Em contrapartida a situação no Iraque é muito dura… Se concordar, falemos antes dos cristãos que foram obrigados a abandonar as suas casas e a refugiar-se no Curdistão. Demonstraram que a fé é o seu maior tesouro. O que pode fazer a Igreja, Mãe deles, para os ajudar?
Em primeiro lugar, sustentá-los com a oração e a nossa fidelidade ao Senhor. Eles deram-nos uma valiosa demostração de fidelidade, estiveram dispostos a perder tudo para afirmar a sua fé, a sua relação com Cristo. Temos muito que aprender à luz deste testemunho. Depois, naturalmente, têm necessidade da nossa ajuda material, porque a situação deles continua a ser muito precária. A longo prazo tem de ser apoiados sobretudo na educação das crianças e dos jovens, bem como ser ajudados para poderem regressar a suas casas. Para fazer isto será necessário trabalhar a todos os níveis, também no plano político, a fim de poderem voltar para casa em total segurança, com uma perspectiva de trabalho e de inserção numa sociedade à qual desejam dar o seu contributo, como sempre fizeram.

E qual é a situação daqueles que vivem em Bagdade ou noutras zonas do país? Recentemente o Patriarca Sako denunciou abusos de poder e falta de protecção…

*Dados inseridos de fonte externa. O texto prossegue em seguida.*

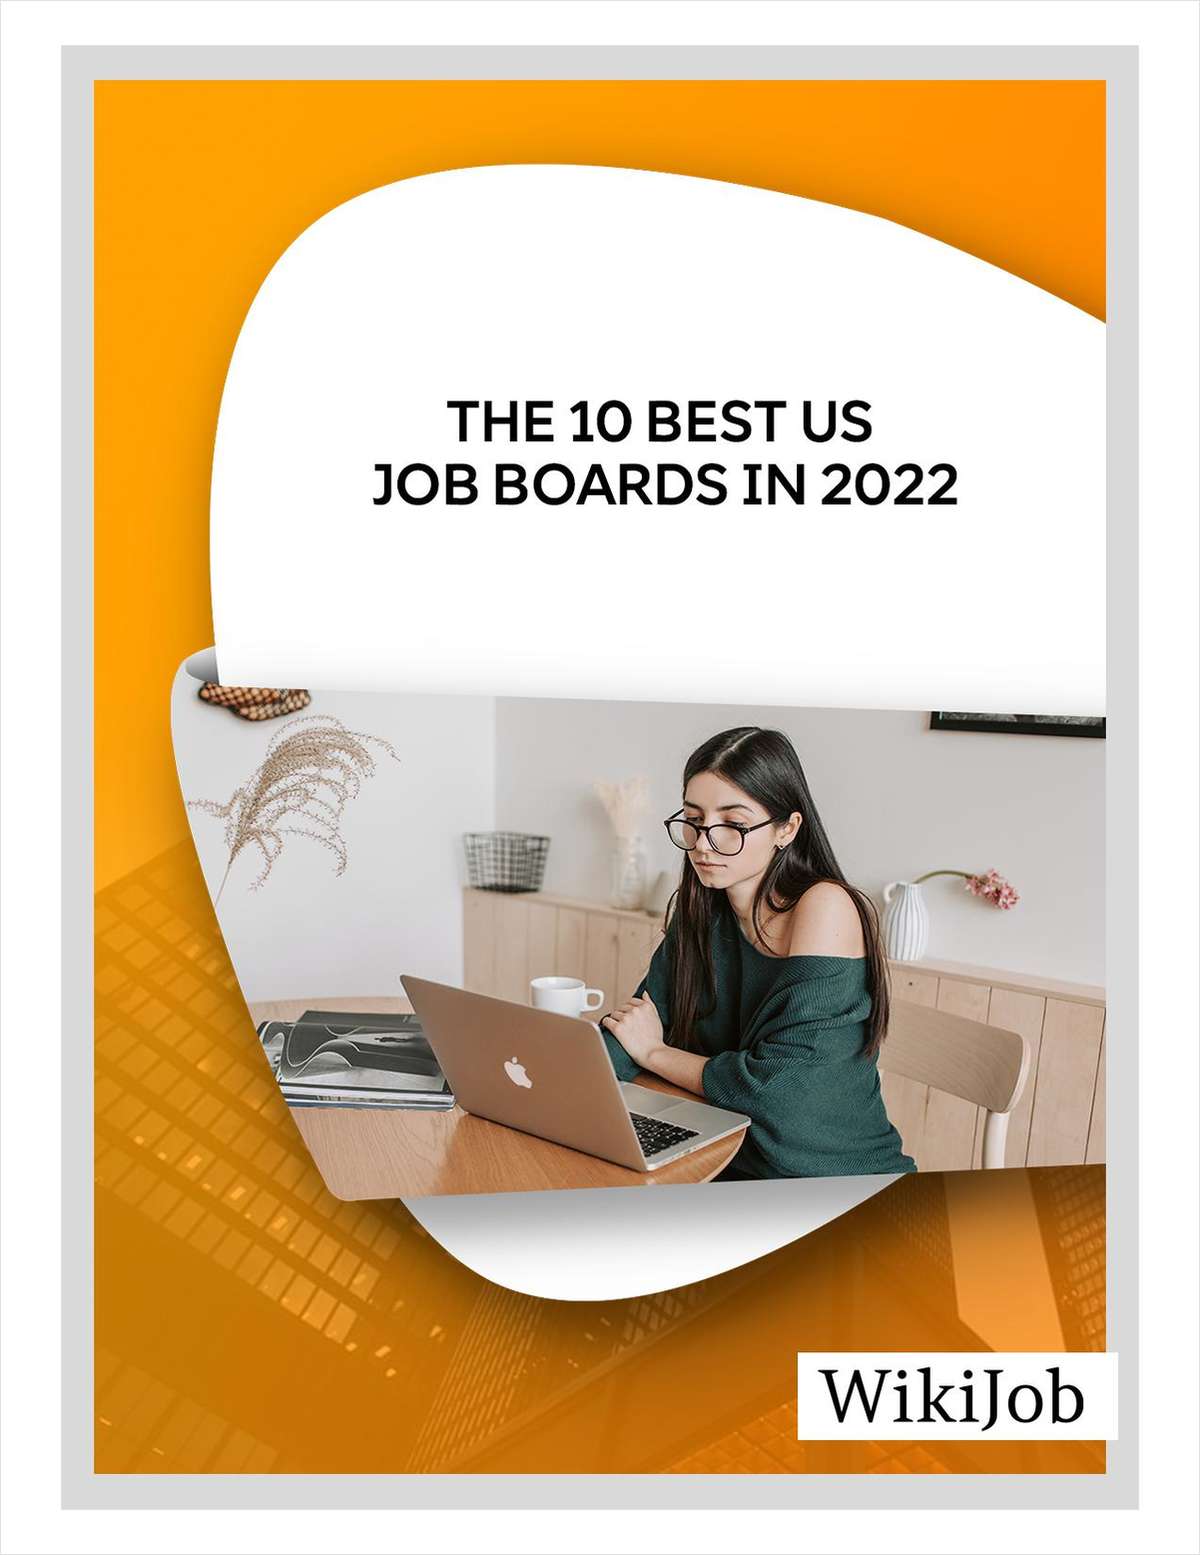 The 10 Best US Job Boards in 2022

É preciso estarmos muito próximos deles. A opção de ficar implica um grande amor pela presença cristã e também um amore pela pátria deles, por um país a que pertencem desde as origens… Muitos desejam ficar apesar das dificuldades. Havia um bom relacionamento com os muçulmanos, que nalguns casos se conservou e noutros se deteriorou. Neste sentido haverá muito a reconstruir. Por vezes, num contexto de instabilidade, os extremistas aproveitam para se introduzir, criando um grave prejuízo. Isto provocou feridas a única resposta será o perdão que só pode vir de Deus. Os líderes religiosos, neste contexto, têm a grande responsabilidade de promover o diálogo e a reconciliação entre todos os indivíduos.

Em vésperas de partir para esta autêntica periferia, como diria Francisco, o que tem a pedir-nos a nós católicos ocidentais em geral?
A coisa mais importante é não esquecerem estes cristãos. Às vezes, quando sucede uma grande tragédia, lembramo-nos deles, mas pouco depois desaparecem de cena. Não esquecê-los, acompanhá-los com a nossa oração e a nossa ajuda material, e também aprendermos deles o testemunho. Creio que o testemunho deles pode ser um grande estímulo para fazer aumentar a nossa fé, este tesouro que devemos pôr ao serviço dos outros.